Picadillo
I love how unique this dish is thanks to the raisins, olives, and balsamic vinegar. They take what’s otherwise a ground meat sauce and elevate it into something special — that’s still super easy to put together on a weeknight.
It also keeps well in the fridge to prep ahead for a post-soccer meal (I see you 8pm dinners) and freezes beautifully too.
You could probably also cook this in a slow cooker on low for an even easier meal.
Picadillo
Serves 4, easily doubled
Prep time: 20 minutes
Cook time: 25 minutes
Ingredients:
2 Tbs. extra virgin olive oil
1 small yellow onion, finely chopped
1/2 red bell pepper, finely chopped (optional)
2 garlic cloves, minced
1 pound lean ground beef, bison, or lamb
1/2 tsp. fine sea salt, to taste
1 tsp. ground cumin
1/2 tsp. smoked paprika
1/2 tsp. dried oregano
6-6 grinds black pepper
1 (15-ounce) can crushed or diced fire-roasted tomatoes, no salt added
2 Tbs. tomato paste
1/4 cup dark or golden raisins
1/3 cup Castelvetrano olives, halved
Good quality balsamic vinegar, to taste
Small handful cilantro or parsley, leaves only, chopped for garnishServing Options —
Roasted potatoes or cauliflower
White or cauliflower rice
Side salad
Directions:
In a wide skillet over high heat, heat the oil until it shimmers. Add the onion and bell pepper, if using, and cook, stirring often, just until they begin to brown, about 3 minutes.
Lower the heat to medium, add garlic and ground beef. Using a wooden spoon or spatula, break the ground beef into bits so that it cooks evenly.
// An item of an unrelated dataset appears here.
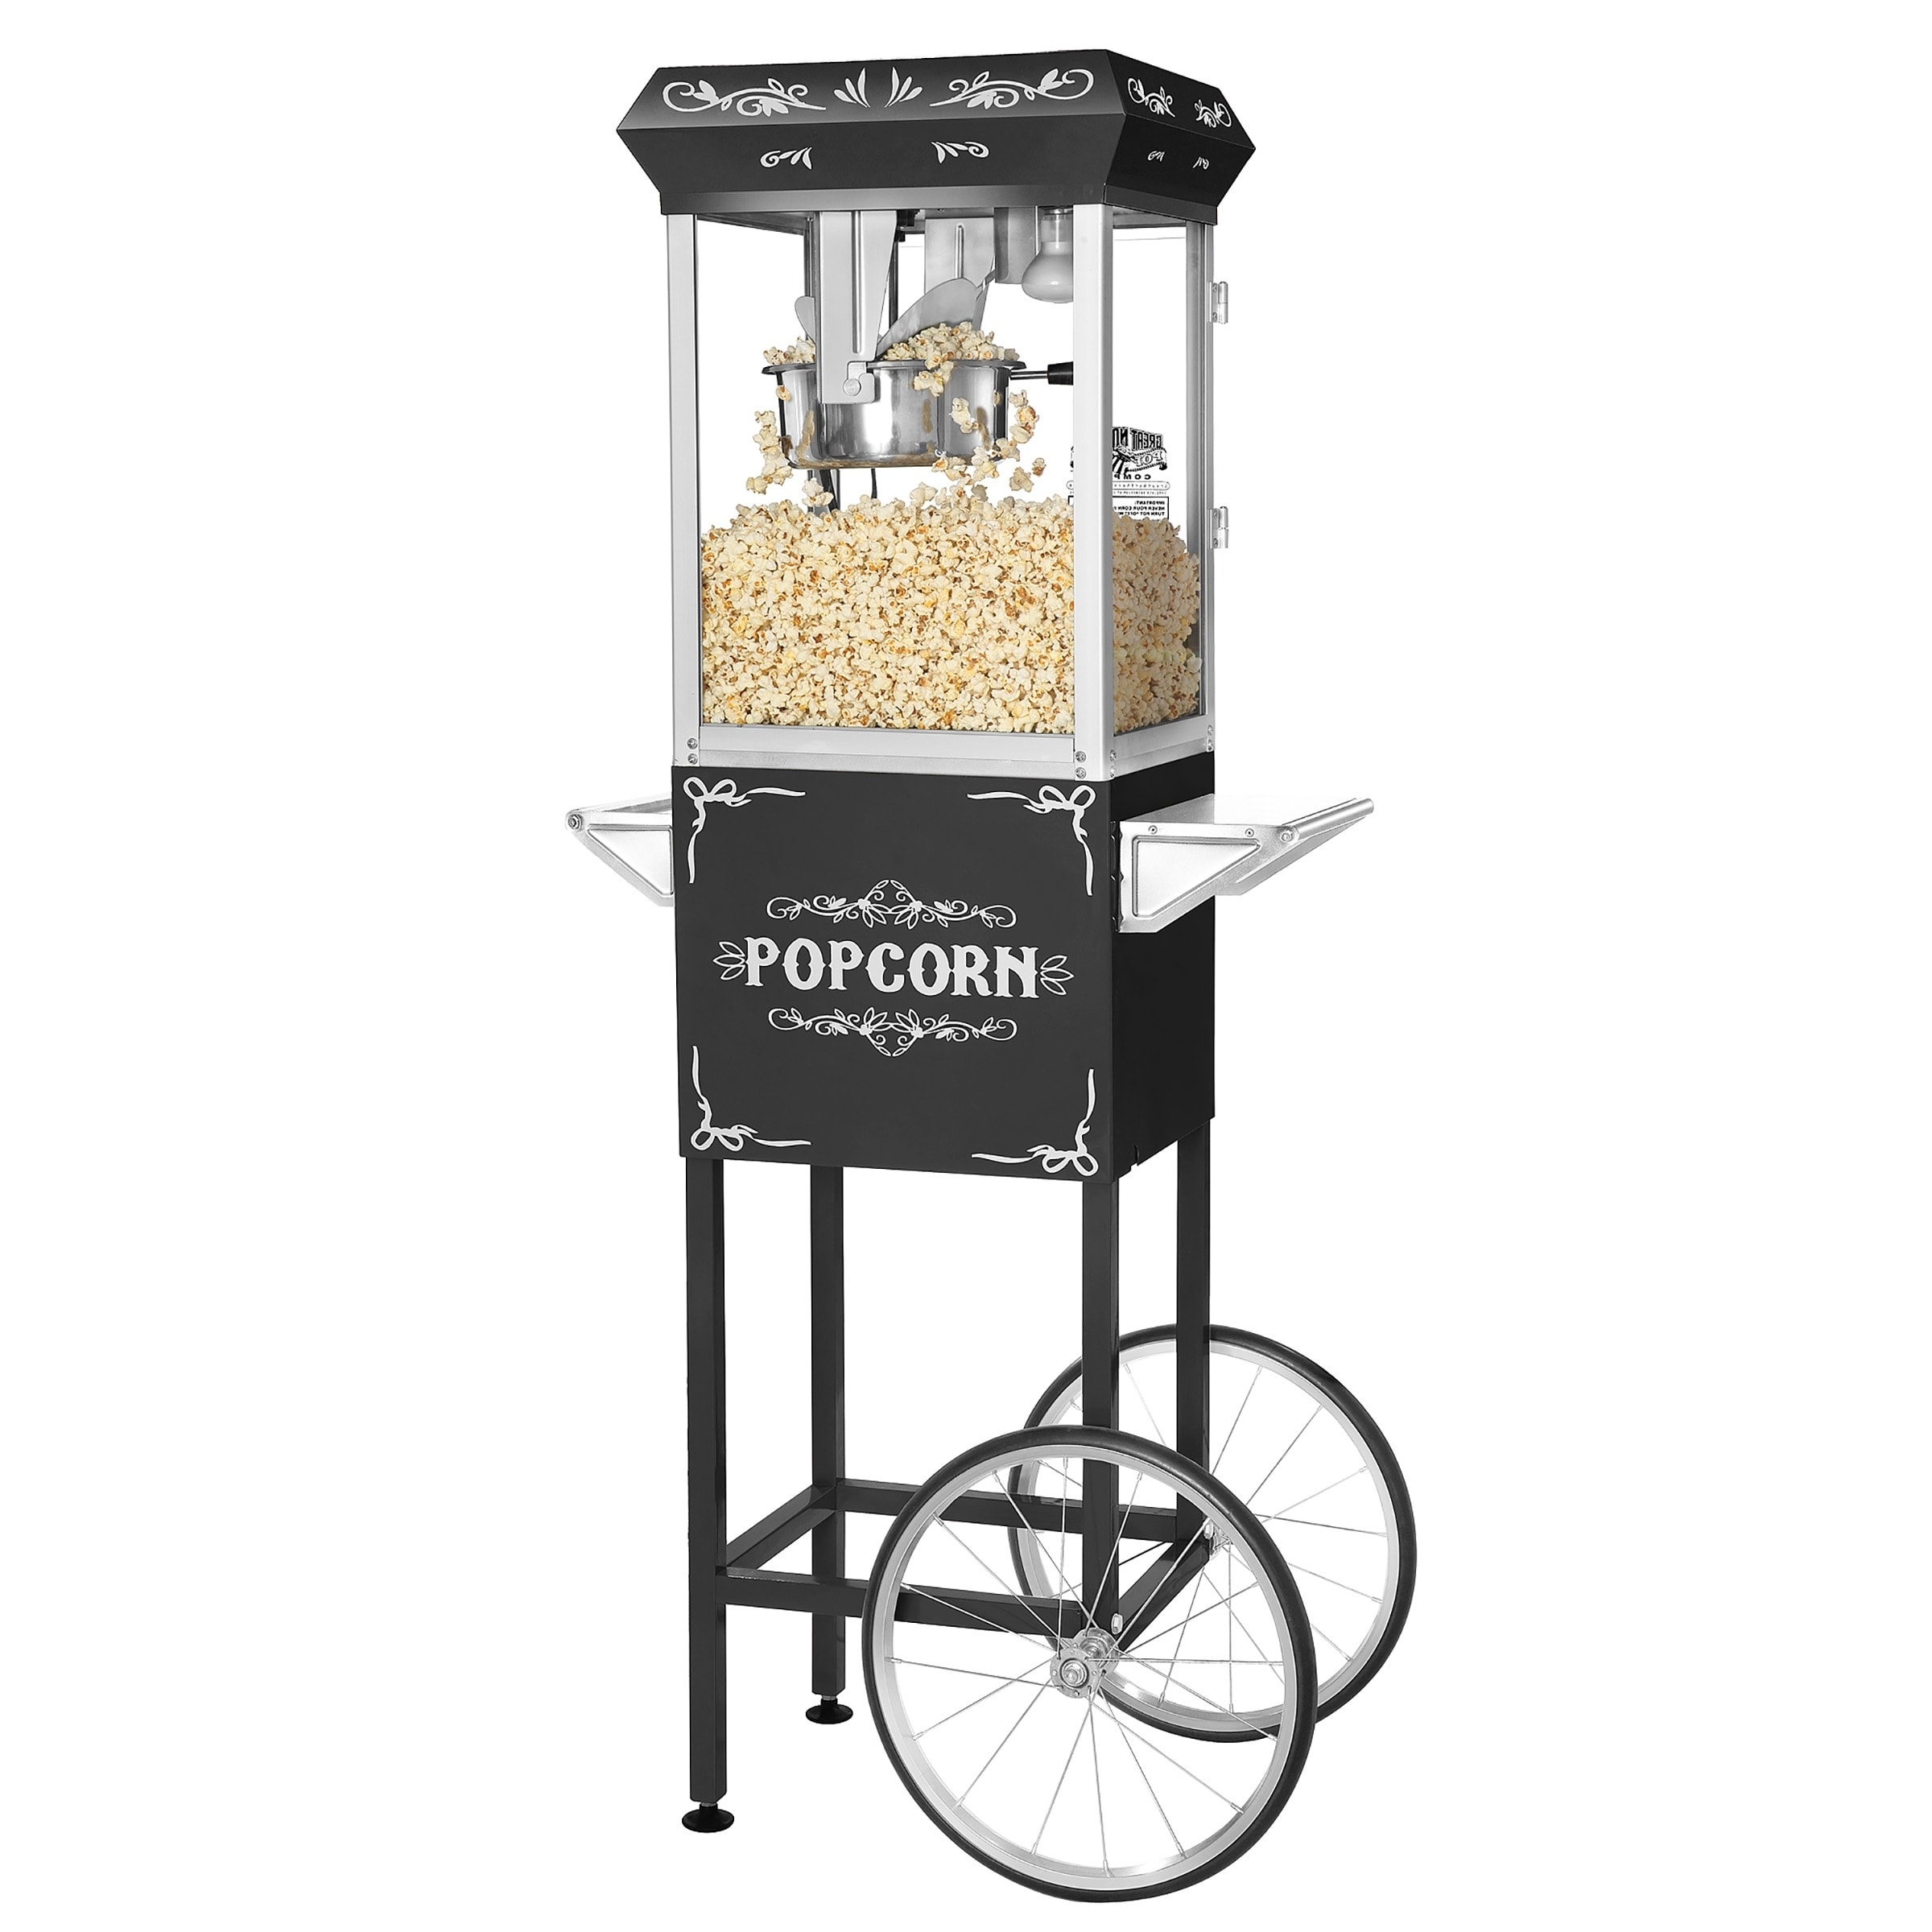 https://ak1.ostkcdn.com/images/products/23462309/Great-Northern-Popcorn-All-Star-Popcorn-Machine-Cart-8oz-8-oz-7d35eb3b-71e3-4cbd-a5df-f8441c449023.jpg

Stir in the salt, cumin, paprika, oregano and black pepper.
Cook the beef until its fat has rendered and it’s brown with a few pink spots, 5 to 8 minutes. (Drain excess fat, if desired.)
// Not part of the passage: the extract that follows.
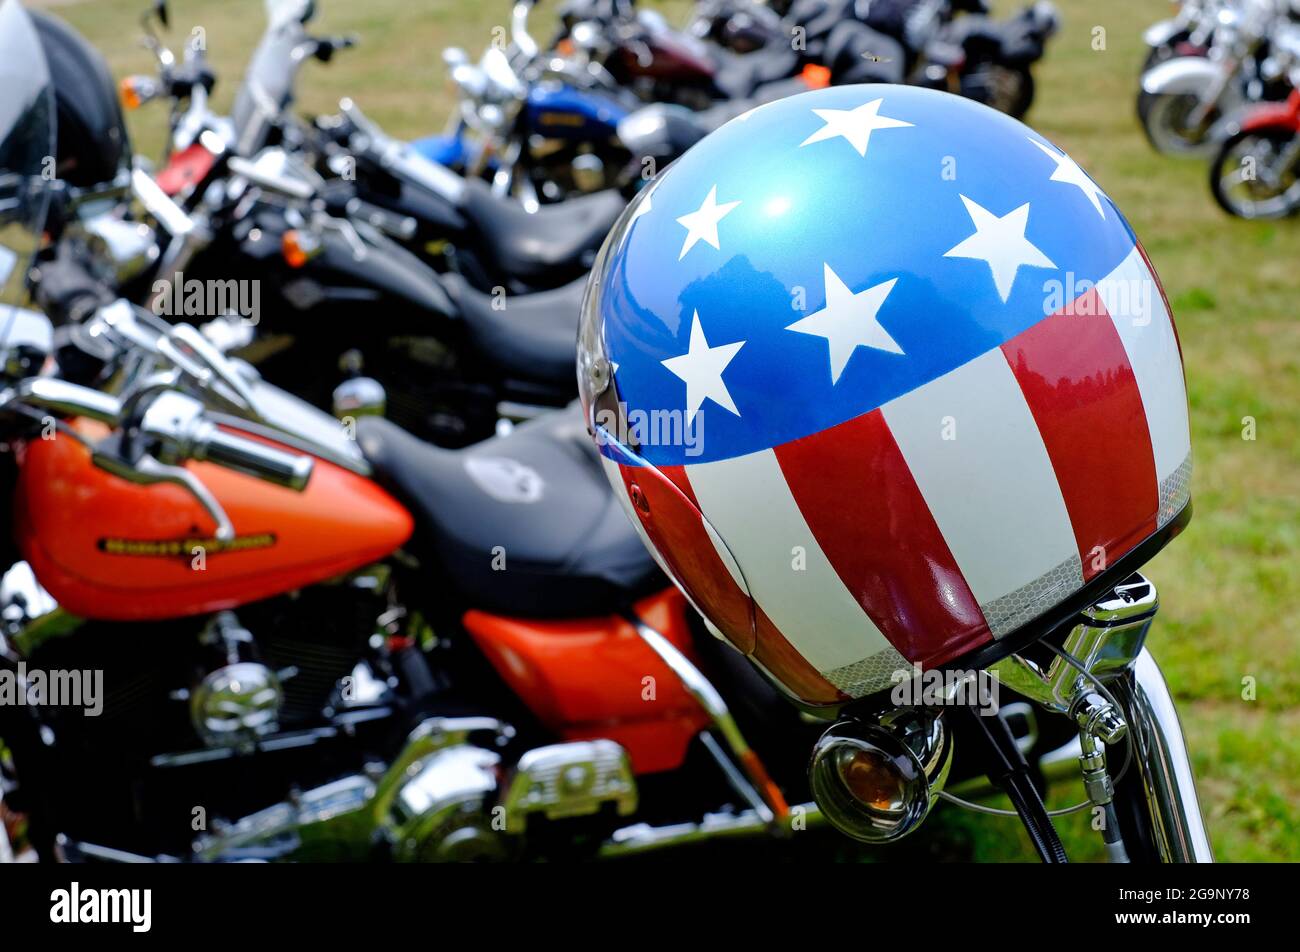 drapeau américain, casque d'accident de style cavalier facile sur harley davidson motorcycle, norfolk, angleterre Banque D'Images

Stir in the tomatoes and tomato paste. Bring to a simmer and cook over medium heat for another 5 minutes. (If the mixture starts to look dry, add a splash or two of water to loosen it.)
Stir in the raisins and olives, simmer until they’ve softened, 3 or 4 minutes. Taste and adjust seasonings as you like.
Add good splash or two of balsamic vinegar to taste.
Garnish with cilantro or parsley leaves and serve the picadillo hot with side of choice.